OpenShift Deployment

This guide will outline the necessary steps for deploying and running the RAG QuickStart on an OpenShift cluster.

Prerequisites
Supported Models
Installing the RAG QuickStart
Using the RAG UI
Environment Variables
Adding a new model
Uninstalling the RAG QuickStart

Prerequisites

OpenShift Cluster 4.16+ with OpenShift AI
OpenShift Client CLI - oc
Helm CLI - helm
huggingface-cli (optional)
1 GPU/HPU with 24GB of VRAM for the LLM, refer to the chart below
1 GPU/HPU with 24GB of VRAM for the safety/shield model (optional)
Hugging Face Token
Access to Meta Llama model.
Access to Meta Llama Guard model.
Some of the example scripts use jq a JSON parsing utility which you can acquire via brew install jq

Supported Models

Function	Model Name	Hardware	AWS
Embedding	`all-MiniLM-L6-v2`	CPU/GPU/HPU
Generation	`meta-llama/Llama-3.2-3B-Instruct`	L4/HPU	g6.2xlarge
Generation	`meta-llama/Llama-3.1-8B-Instruct`	L4/HPU	g6.2xlarge
Generation	`meta-llama/Meta-Llama-3-70B-Instruct`	A100 x2/HPU	p4d.24xlarge
Safety	`meta-llama/Llama-Guard-3-8B`	L4/HPU	g6.2xlarge

Note: the 70B model is NOT required for initial testing of this example. The safety/shield model Llama-Guard-3-8B is also optional.

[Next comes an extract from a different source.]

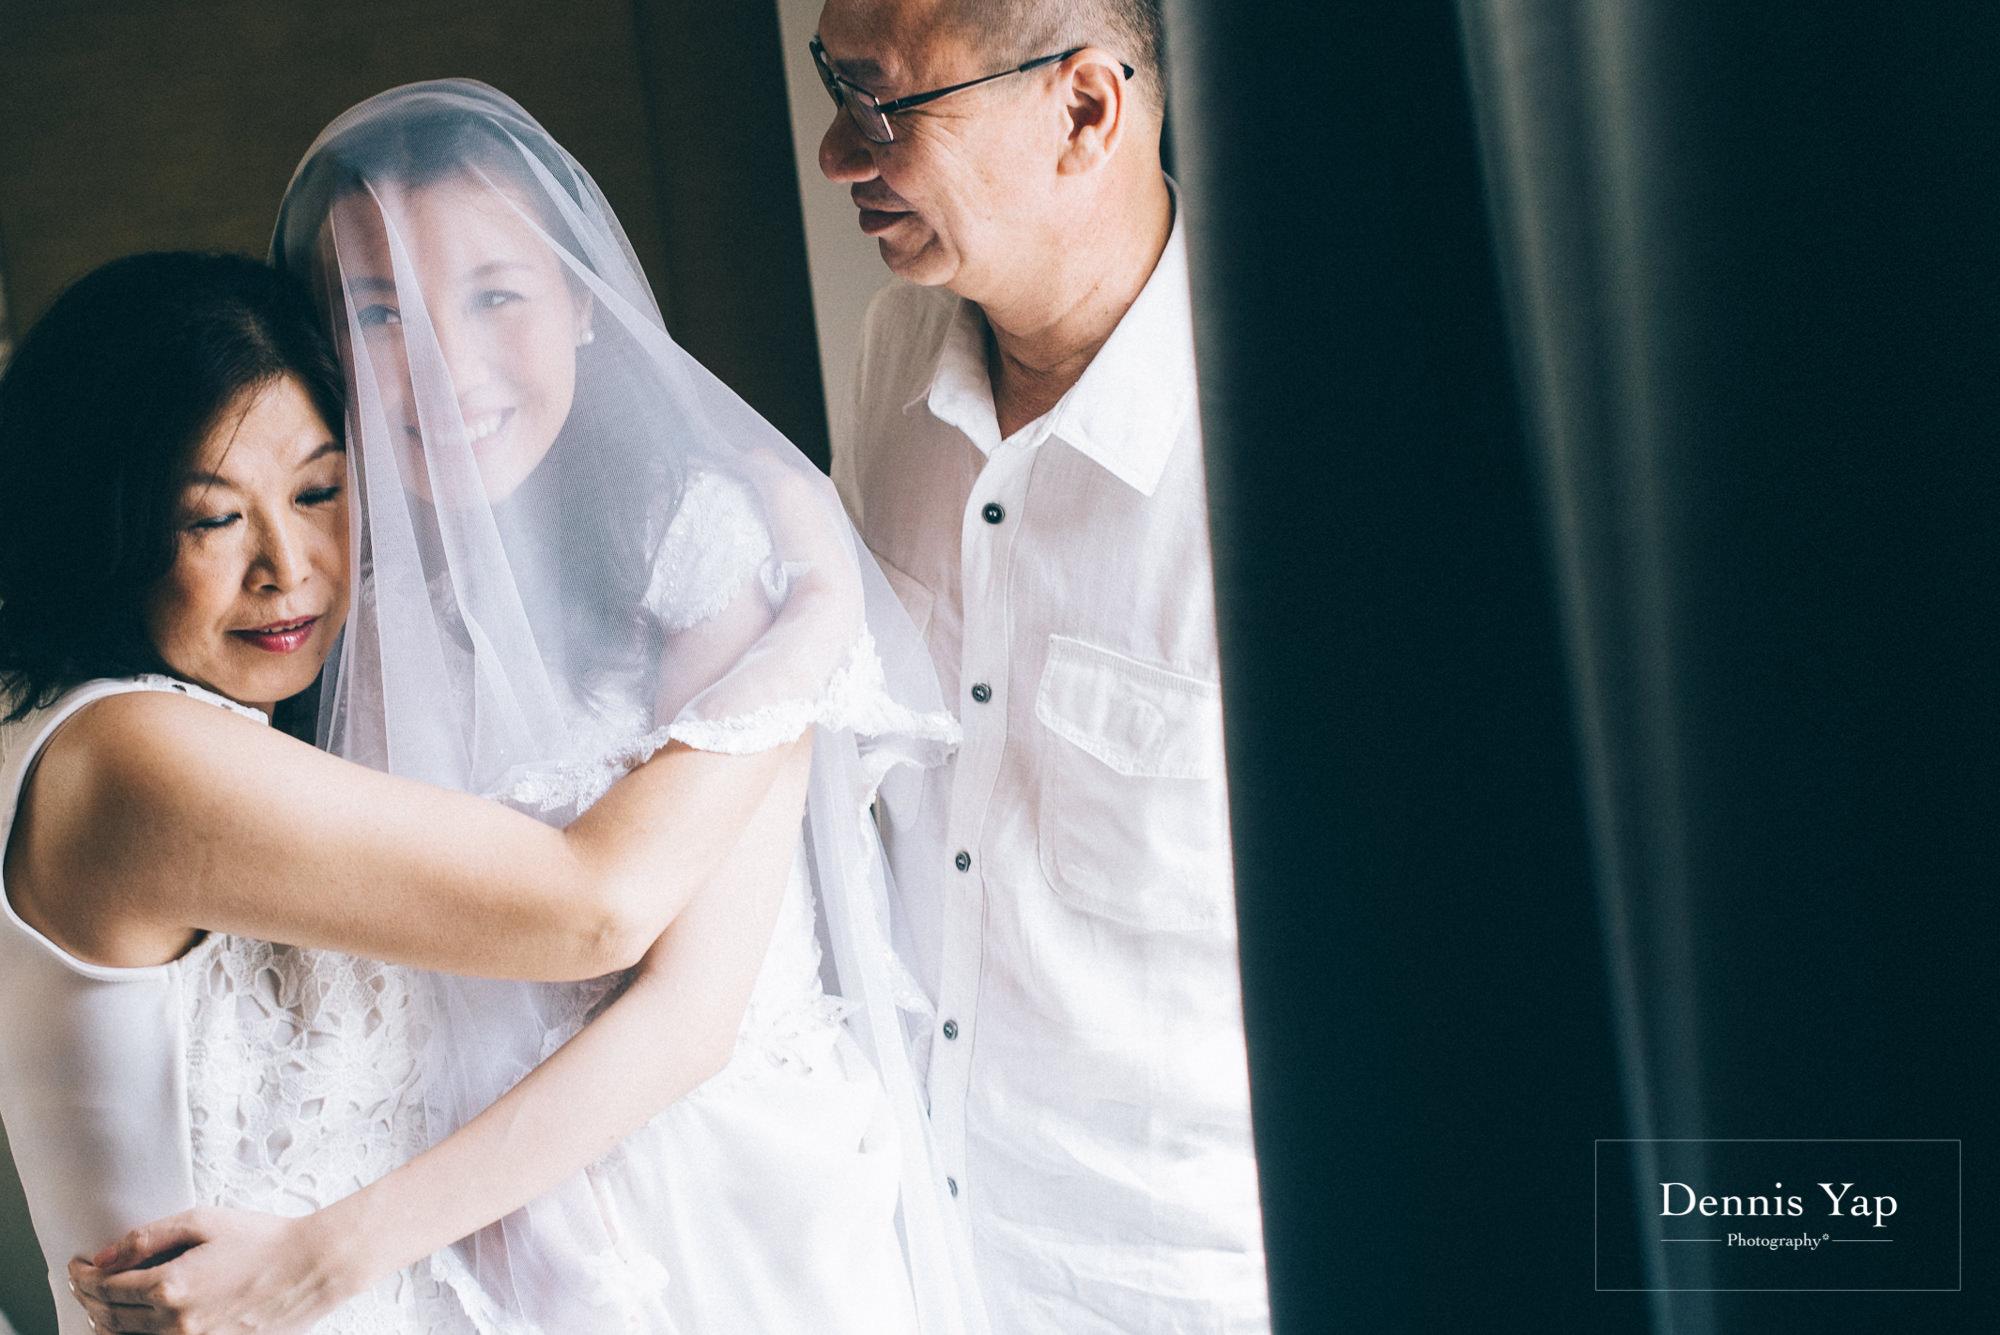 danny sherine wedding reception registration of marriage yacht fun beloved sea dennis yap photography malaysia top wedding photographer-13.jpg
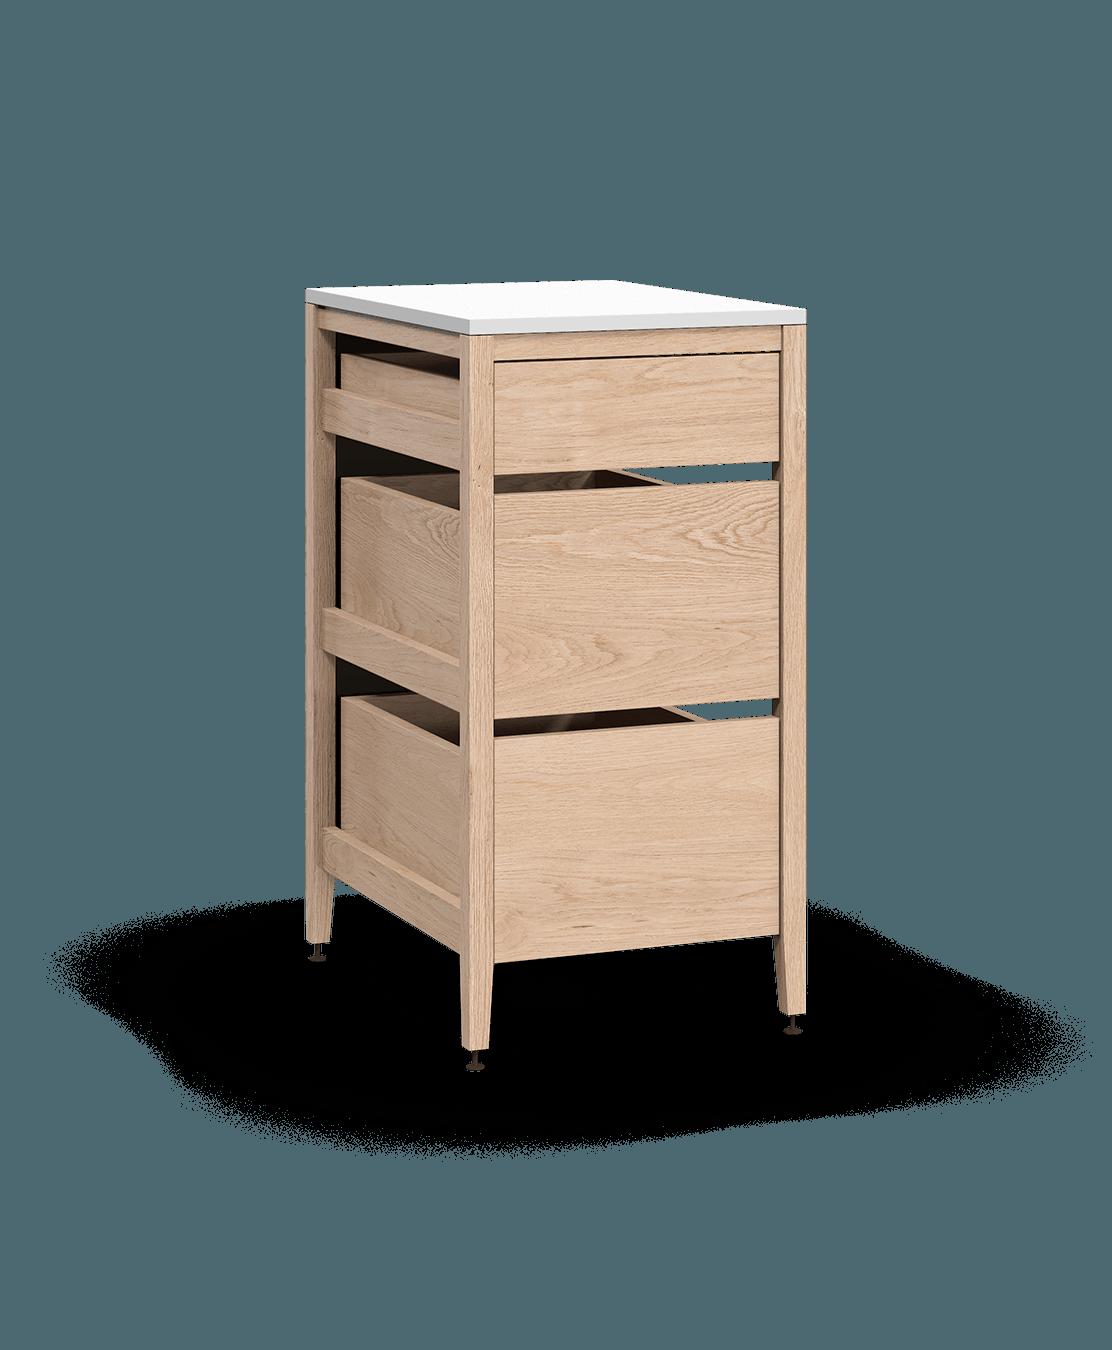 coquo radix white oak solid wood modular 3 drawers base kitchen cabinet 18 inch C1-C-18TB-3001-NA

Installing the RAG QuickStart

1. Clone Repository

Clone the repo so you have a working copy

git clone https://github.com/rh-ai-quickstart/RAG

2. Login to OpenShift

oc login --server="<cluster-api-endpoint>" --token="sha256~XYZ"

3. Hardware Configuration

Determine what hardware acceleration is available in your cluster and configure accordingly.

For NVIDIA GPU nodes: If GPU nodes are tainted, find the taint key. In the example below the key for the taint is nvidia.com/gpu

oc get nodes -l nvidia.com/gpu.present=true -o yaml | grep -A 3 taint

For Intel Gaudi HPU nodes: If HPU nodes are tainted, find the taint key. The taint key is typically habana.ai/gaudi

oc get nodes -l habana.ai/gaudi.present=true -o yaml | grep -A 3 taint

The output of either command may be something like below:

taints:
  - effect: NoSchedule
    key: nvidia.com/gpu  # or habana.ai/gaudi for HPU
    value: "true"

You can work with your OpenShift cluster admin team to determine what labels and taints identify GPU-enabled or HPU-enabled worker nodes. It is also possible that all your worker nodes have accelerators therefore have no distinguishing taint.

4. Navigate to Deployment Directory

Navigate to Helm deploy directory

cd deploy/helm

5. List Available Models

List available models

make list-models

The above command will list the models to use in the next command

(Output)
model: llama-3-1-8b-instruct (meta-llama/Llama-3.1-8B-Instruct)
model: llama-3-2-1b-instruct (meta-llama/Llama-3.2-1B-Instruct)
model: llama-3-2-1b-instruct-quantized (RedHatAI/Llama-3.2-1B-Instruct-quantized.w8a8)
model: llama-3-2-3b-instruct (meta-llama/Llama-3.2-3B-Instruct)
model: llama-3-3-70b-instruct (meta-llama/Llama-3.3-70B-Instruct)
model: llama-guard-3-1b (meta-llama/Llama-Guard-3-1B)
model: llama-guard-3-8b (meta-llama/Llama-Guard-3-8B)

The "guard" models can be used to test shields for profanity, hate speech, violence, etc.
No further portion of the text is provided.